A method has also been added to both the Date and Time types to combine a Date value and a Time value into a single Datetime value:

daString := "20200316"
tmString := "105434.123456"

daParsed, err := ParseDate(daString)
if err != nil {
    panic(err)
}

tmParsed, err := ParseTime(tmString)
if err != nil {
    panic(err)
}

datetime, err := daParsed.Combine(tmParsed, time.UTC)
if err != nil {
    panic(err)
}

fmt.Println("DCM    :", datetime.DCM())
fmt.Println("STRING :", datetime.String())

// Output:
// DCM    : 20200316105434.123456+0000
// STRING : 2020-03-16 10:54:34.123456 +00:00

Both #186 and #188 have been merged into this branch already.

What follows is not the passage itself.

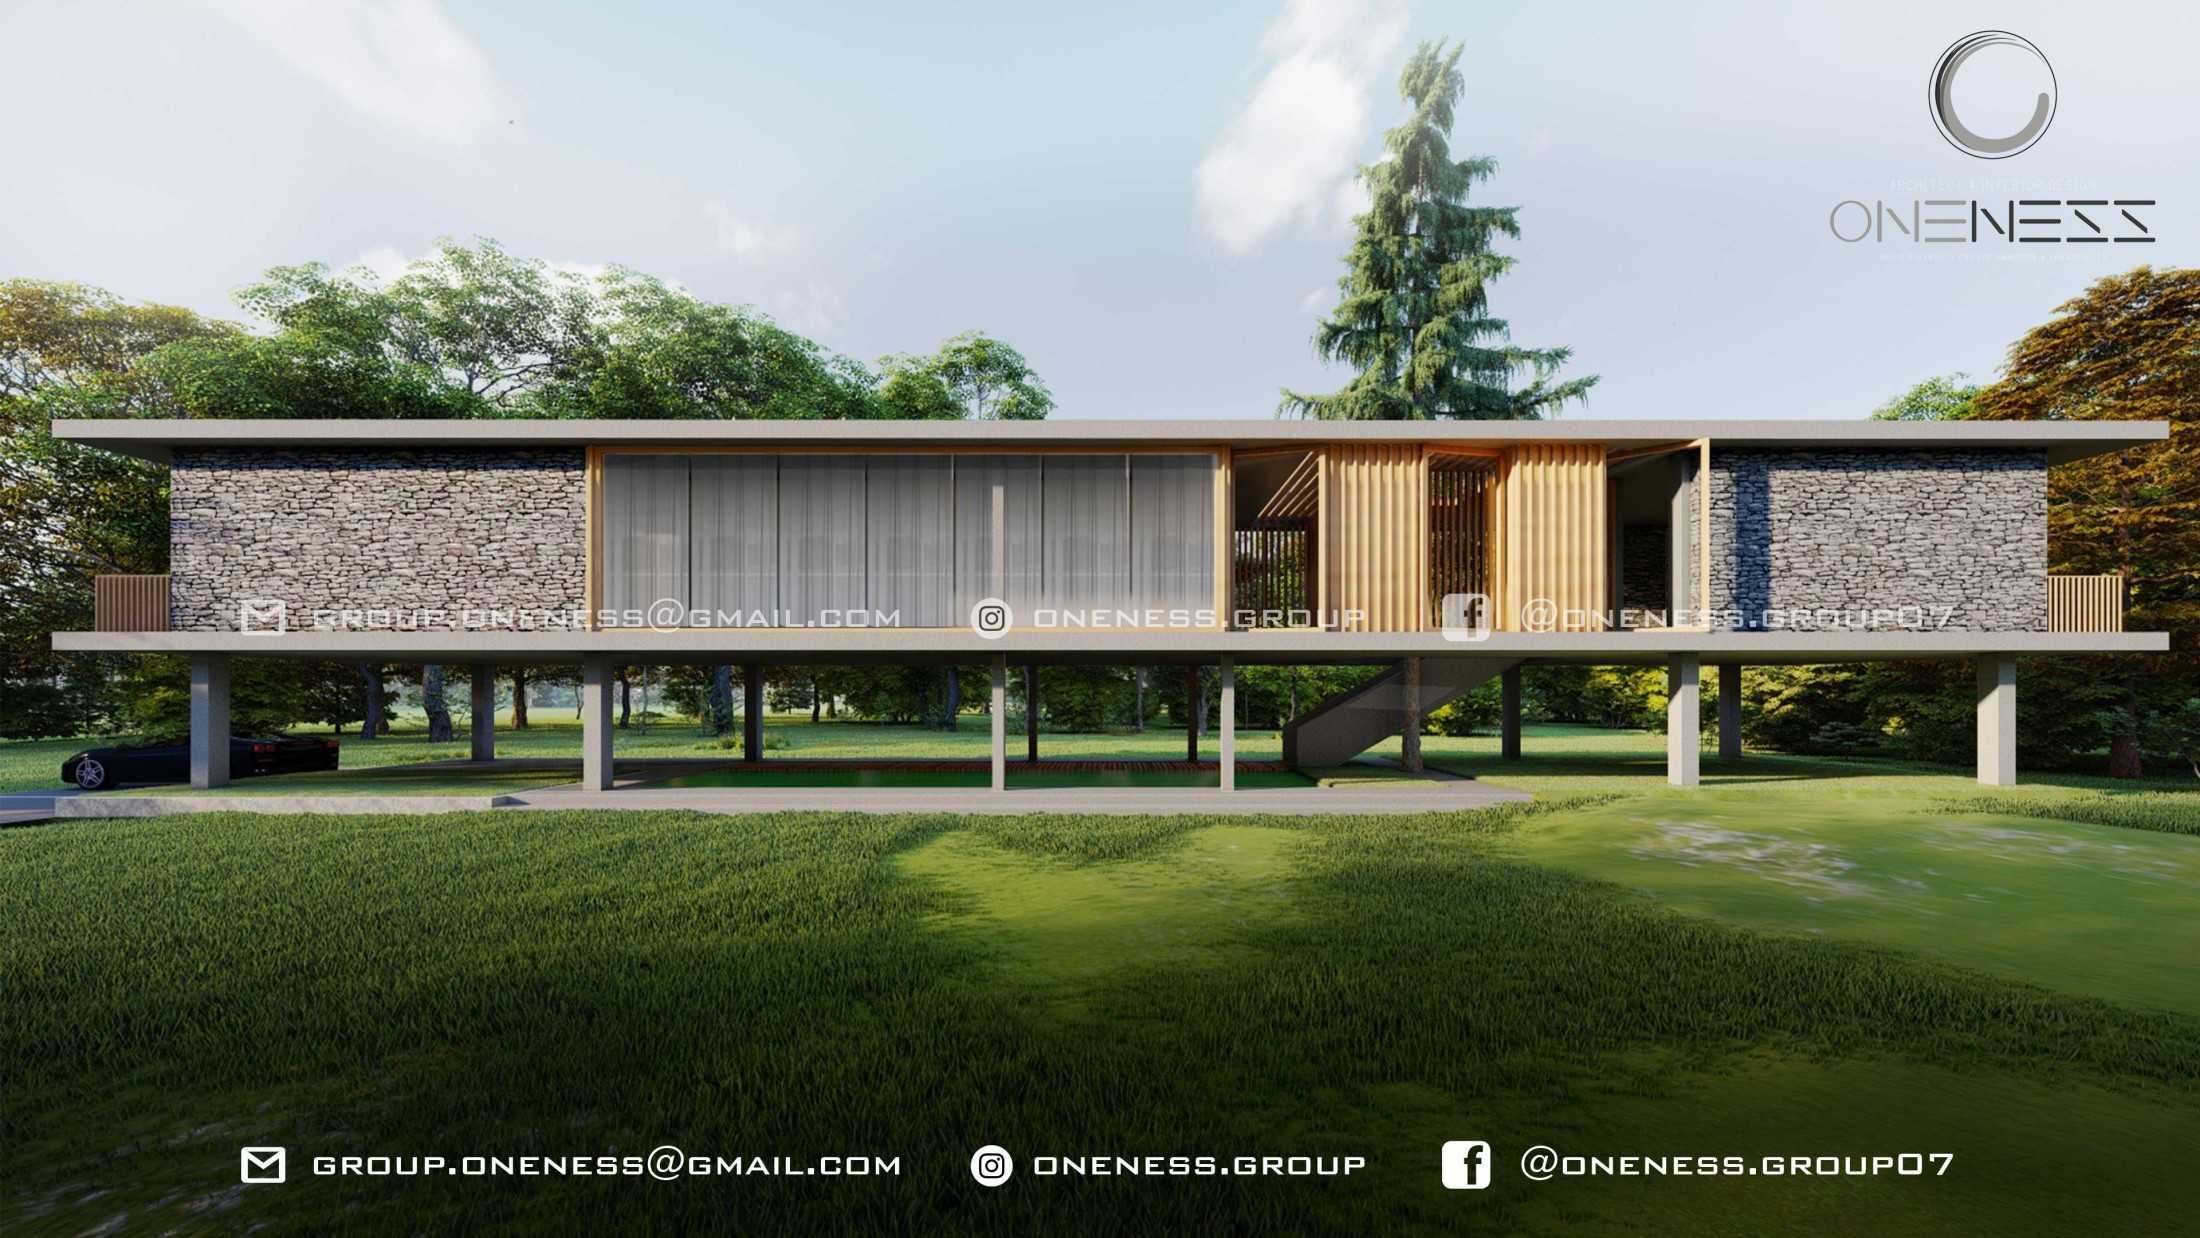 Oneness Group Villa Hijau Bali Bali, Indonesia Bali, Indonesia Eksterior Villa Hijau  98241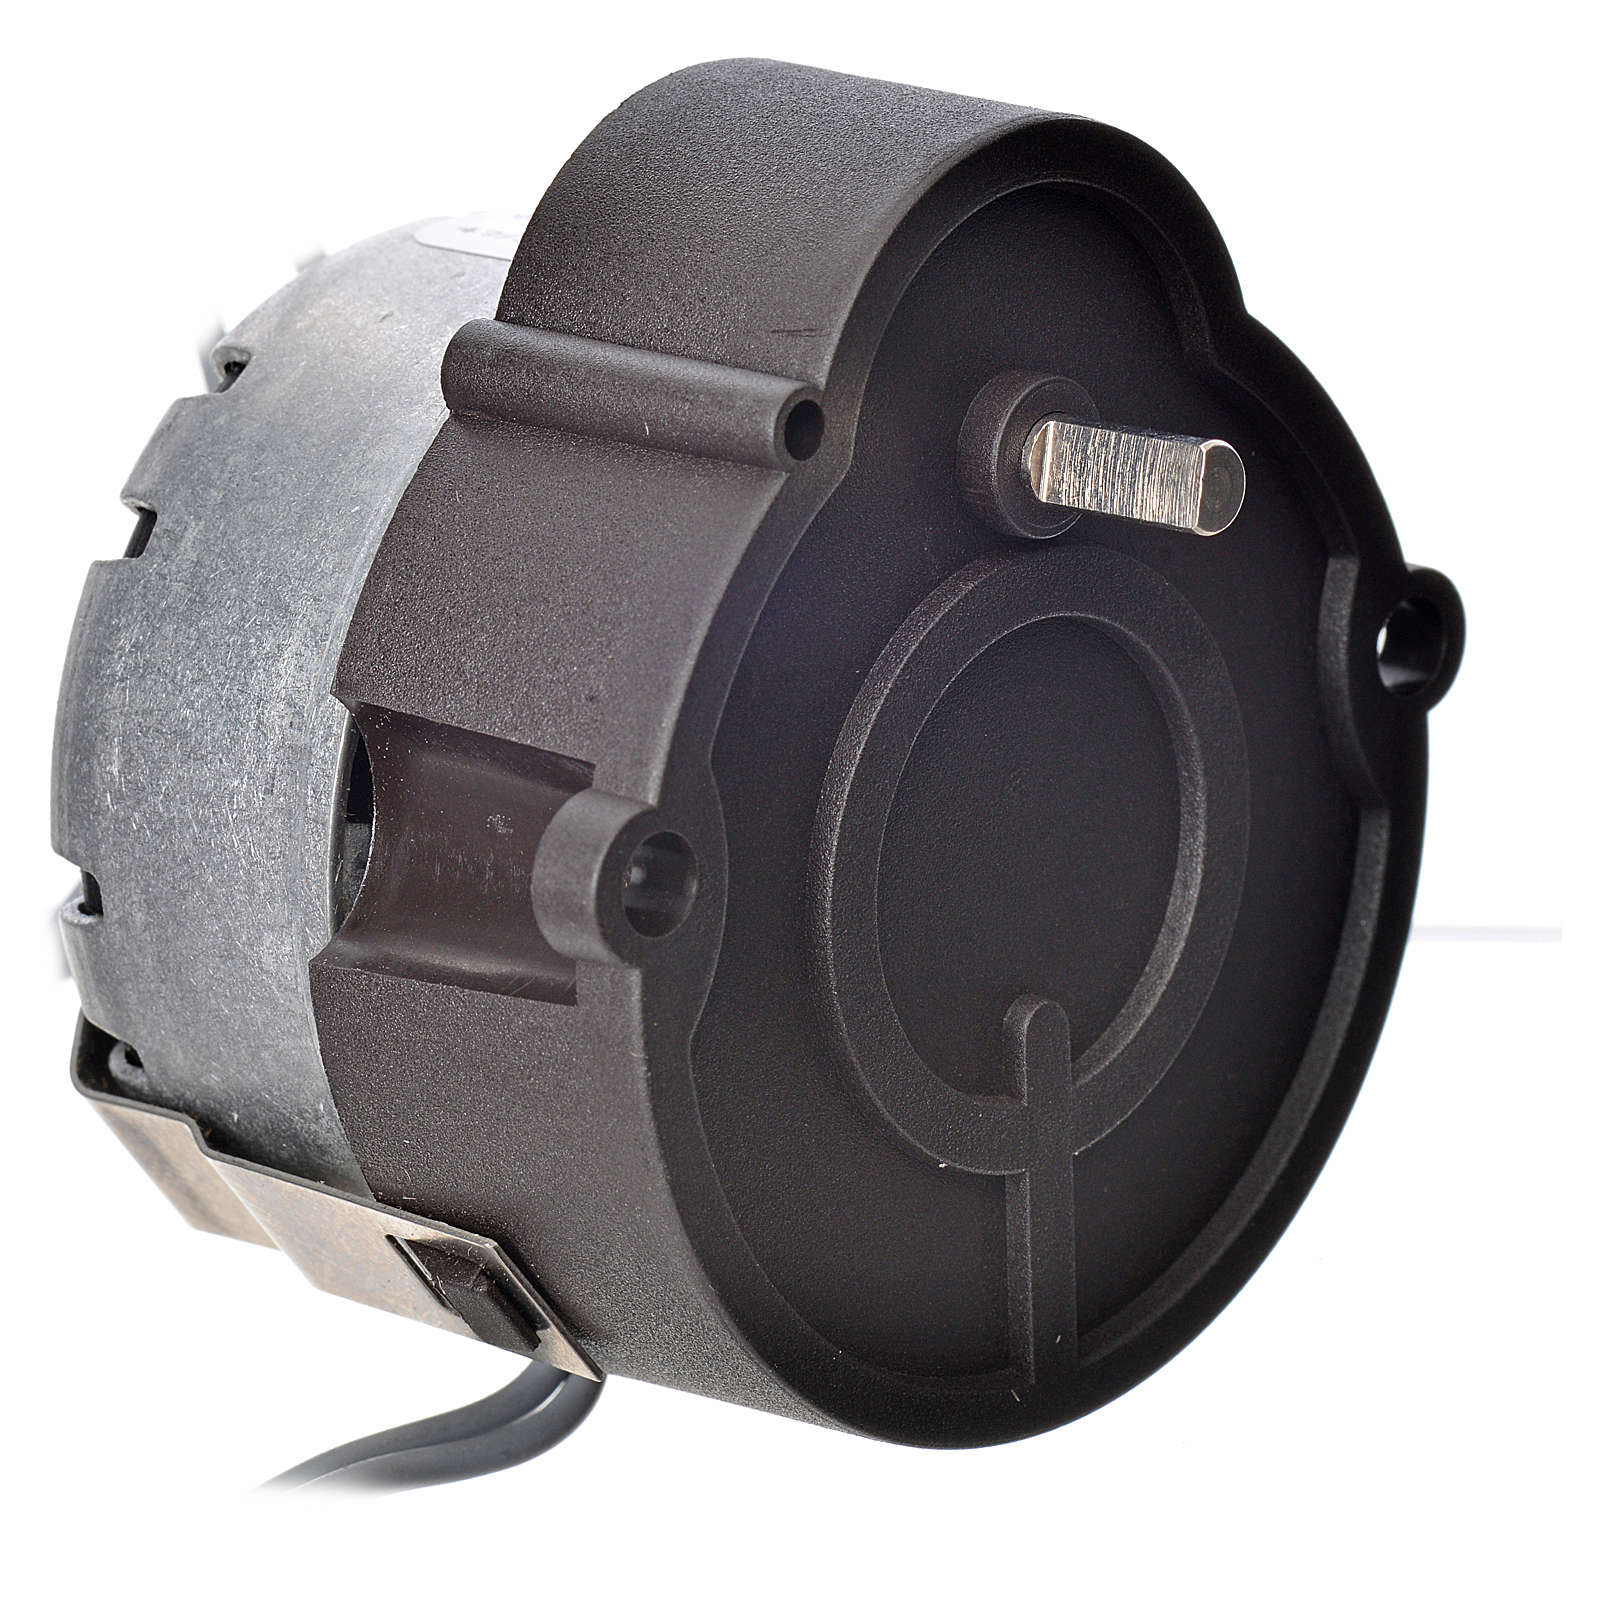 Motoriduttore presepe  MR giri/minuto 30 4

bpeake-illuscio commented 3 years ago

I've just pushed an update to this followup that tweaks and adds a couple methods so that you can form a few common interfaces between the dcmtime types. For instance, you can now write a helper function like this:

// DCMTime is a common interface for dcmtime.Date, dcmtime.Time, and dcmtime.Datetime.
type DCMTime interface {
    GetTime() time.Time
    GetPrecision() dcmtime.PrecisionLevel
    DCM() string
}

func InspectDICOMTimeVal(value DCMTime) error {
    // Do something with this value
    return nil
}

The main addition here is adding a GetTime() and GetPrecision() method to each of the dcmtime types. I've been writing some code where a single code path could be used with an interface like this, so I decided it was worth adding in. Callers could do this though wrappers on their own, but having it right out of the box is kind of nice, IMO.

I realize that I am kind of bloating this PR, so let me know if you would like me to try and break this up into smaller PRs. Thanks!